Plus de 20 000 dosages sont disponibles, couvrant tous les organismes du miRBase 20. Plus de 1 200 dosages sont pleinement validés en laboratoire humide pour la sensibilité, la spécificité, l’efficacité et le fond sur des échantillons synthétiques et différents échantillons biologiques. Les dosages restants sont validés in silico à l’aide d’un algorithme de conception complet qui assure des dosages améliorés par des LNA spécifiques aux espèces et de haute qualité, avec une sensibilité et une spécificité optimales dans chaque organisme. Cela signifie que plusieurs dosages différents peuvent cibler la même séquence. Au final, le dosage pour chaque espèce est sélectionné en fonction du patrimoine génétique de l’organisme. Si vous travaillez avec de nouveaux miARN, par exemple d’une expérience de NGS, des jeux d’amorces de miARN LNA personnalisés sont également disponibles pour tous les miARN.

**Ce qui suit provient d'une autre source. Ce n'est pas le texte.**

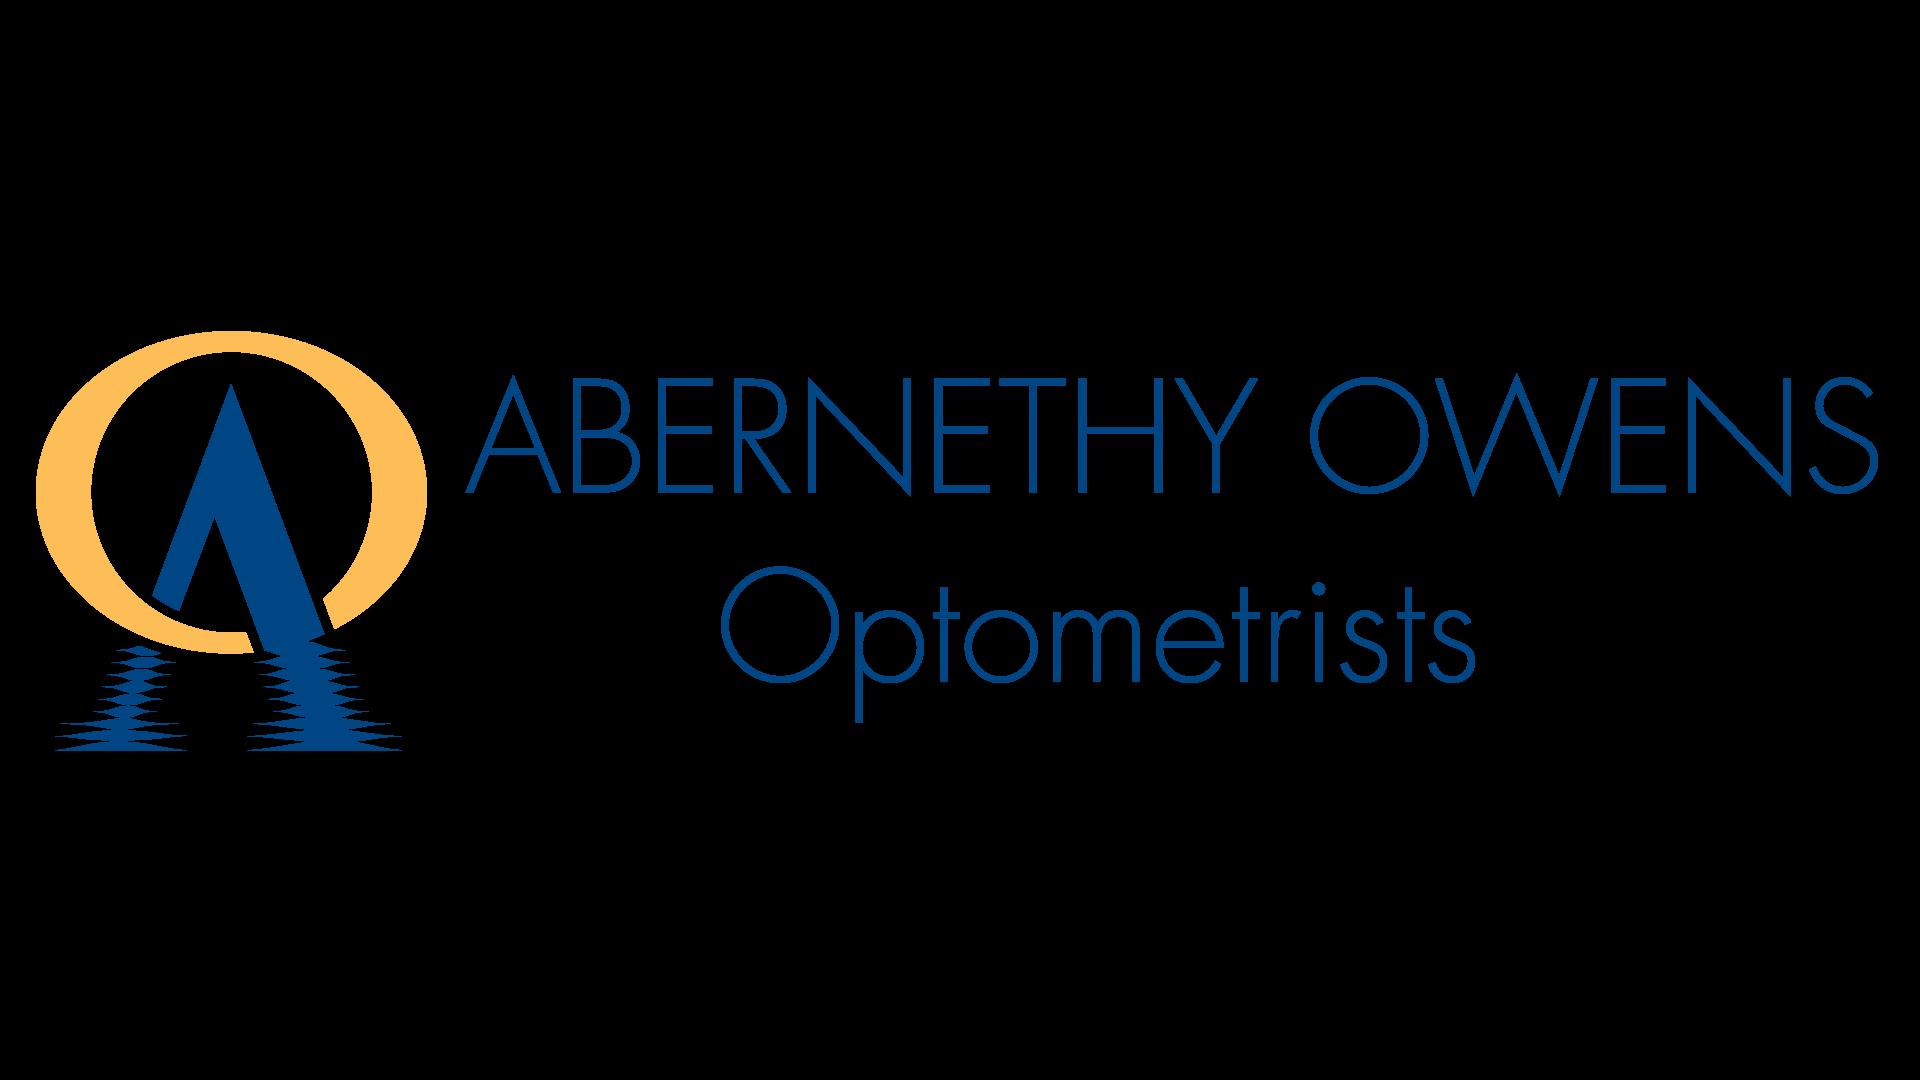 logo for Abernethy Owens Optometrists Woodvale Optometrists

Cinq jeux d’amorces de gène de référence validés sont disponibles pour la dPCR, permettant une normalisation des données de haute qualité et de générer des données fiables de nombreux types d’échantillons différents (voir tableau ci-dessous). Ces jeux d’amorces de contrôle ciblent de petits ARN non codants endogènes, exprimés de manière constitutive et relativement stable dans différents tissus humains (voir figure Niveaux d’expression des gènes de référence dans différents tissus humains). Les gènes de référence de contrôle permettent une normalisation précise et fiable sur divers niveaux d’expression de miARN. Pour plus d’informations, reportez-vous à la page Contrôles de PCR miRCURY.

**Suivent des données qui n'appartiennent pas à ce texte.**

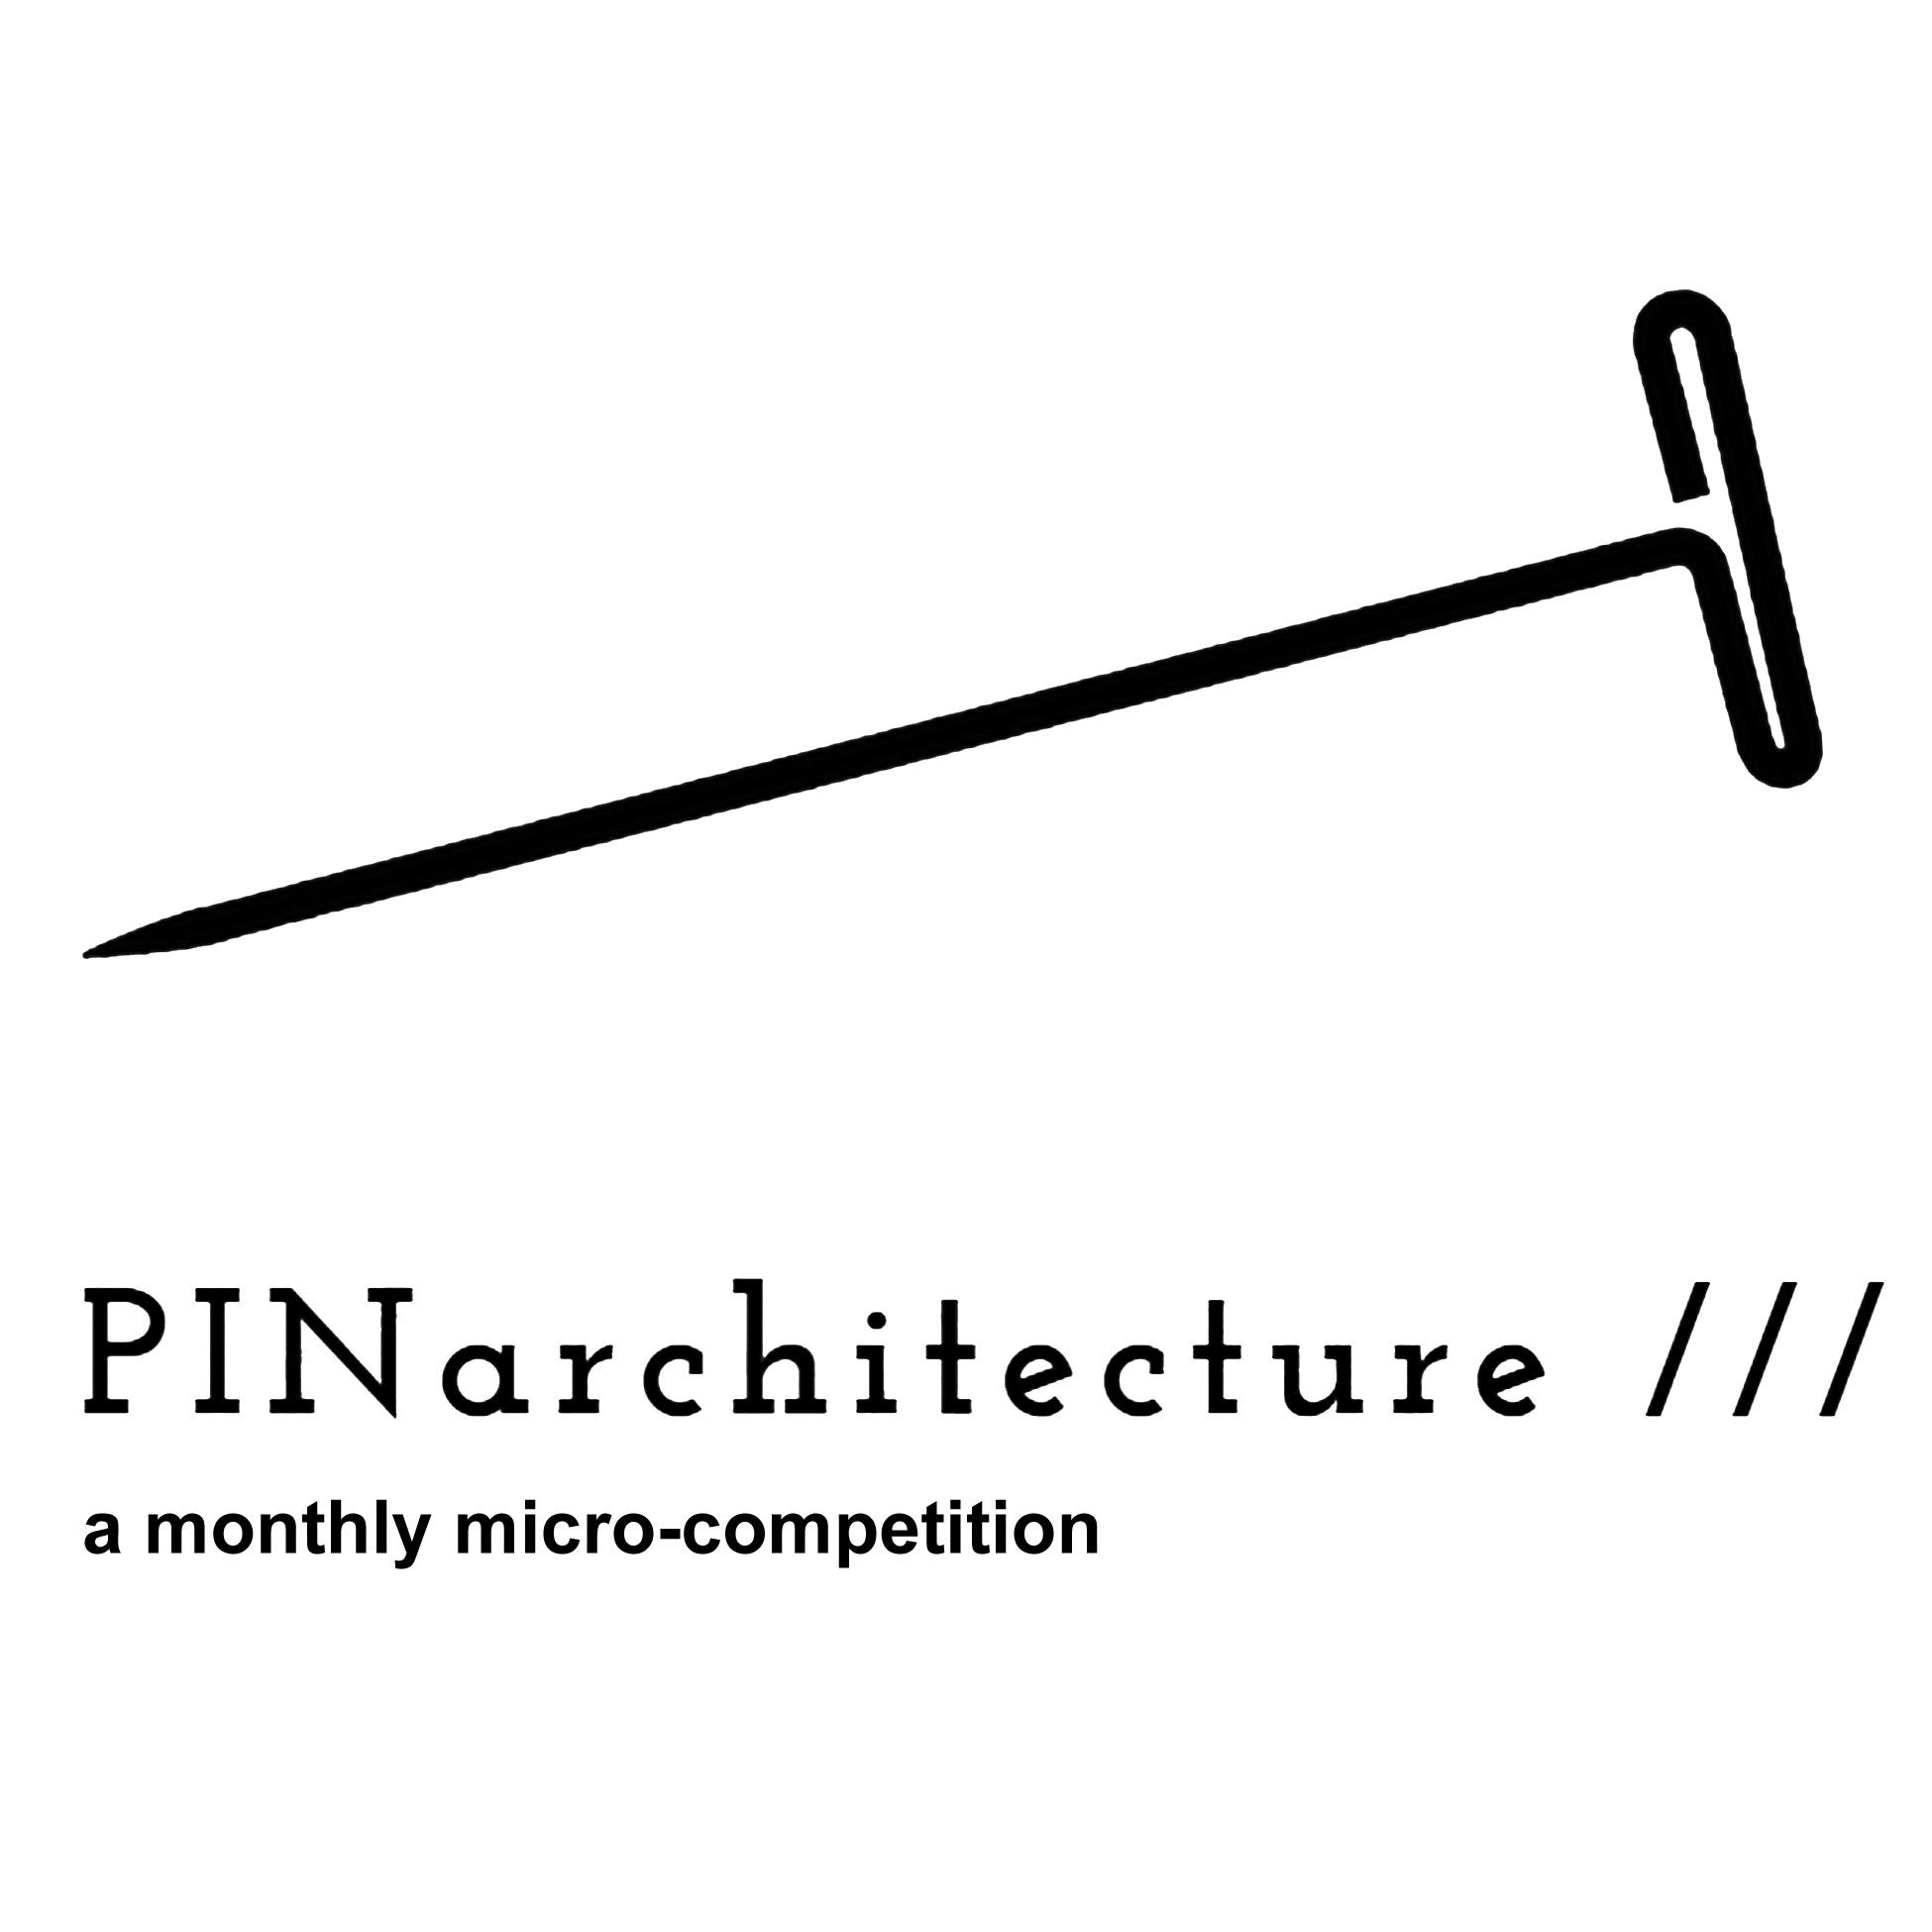 PINarchitecture_use.jpg

Liste des dosages de gènes de référence disponibles
Nom du produit | Organisme cible | Noms alternatifs | Référence NCBI |
Control primer set, SNORD38B (hsa)* | hsa | U38B ; RNU38B | NR_001457 |
Control primer set, SNORD44 (hsa) | hsa | U44 ; RNU44 | NR_002750 |
Control primer set, SNORD48 (hsa) | hsa | U48 ; RNU48 | NR_002745 |
Control primer set, SNORD49A (hsa)* | hsa | U49 ; U49A ; RNU49 | NR_002744 |
Control primer set, SNORA66 (hsa) | hsa | U66 ; RNU66 | NR_002444 |
Control primer set, ARNr 5S (hsa) | hsa, mmu | V00589 | |
Control primer set, ARNsn U6 (hsa, mmu)* | hsa, mmu, rno | U6 | X59362 |
Control primer set, ARNsn RNU5G (mmu, hsa)* | mmu, hsa, rno | Rnu5a ; U5a ; Rnu5g | NR_002852 |
Control primer set, RNU1A1 (mmu, hsa)* | mmu, hsa, rno | Rnu1a-1 ; Rnu1a1 | NR_004411 |
Control primer set, SNORD65 (mmu) | mmu | U65 ; RNU65 | NR_028541 |
Control primer set, SNORD68 (mmu) | mmu | U68 ; RNU68 | NR_028128 |
Control primer set, SNORD110 (mmu) | mmu | U110 ; RNU110 | NR_028547 |
* Validé pour l’utilisation dans la PCR numérique.
Le partitionnement, le thermocyclage et l’imagerie sont intégrés dans un seul instrument entièrement automatisé, produisant des résultats en moins de deux heures. Les formats sur nanoplaque permettent l’automatisation frontale pour la préparation des échantillons, réduisant ainsi le temps de manipulation.
Tout comme les expériences de qPCR, la préparation des échantillons inclut le transfert d’échantillons dilués et l’ajout de mélange principal et d’amorces dans une nanoplaque à 96 ou 24 puits. Le système intègre le partitionnement, le thermocyclage et l’imagerie dans un seul instrument entièrement automatisé qui permet aux utilisateurs de passer de l’échantillon aux résultats en moins de 3 heures. Il est possible d’effectuer l’analyse à distance à l’aide de la suite logicielle, qui donne la concentration des séquences cibles en copies par microlitre et des options de contrôle qualité intégrées.
Les miRCURY LNA miRNA PCR Assays, en combinaison avec le QIAcuity Digital PCR System, permettent une analyse de PCR numérique pour la quantification du miRNA mature.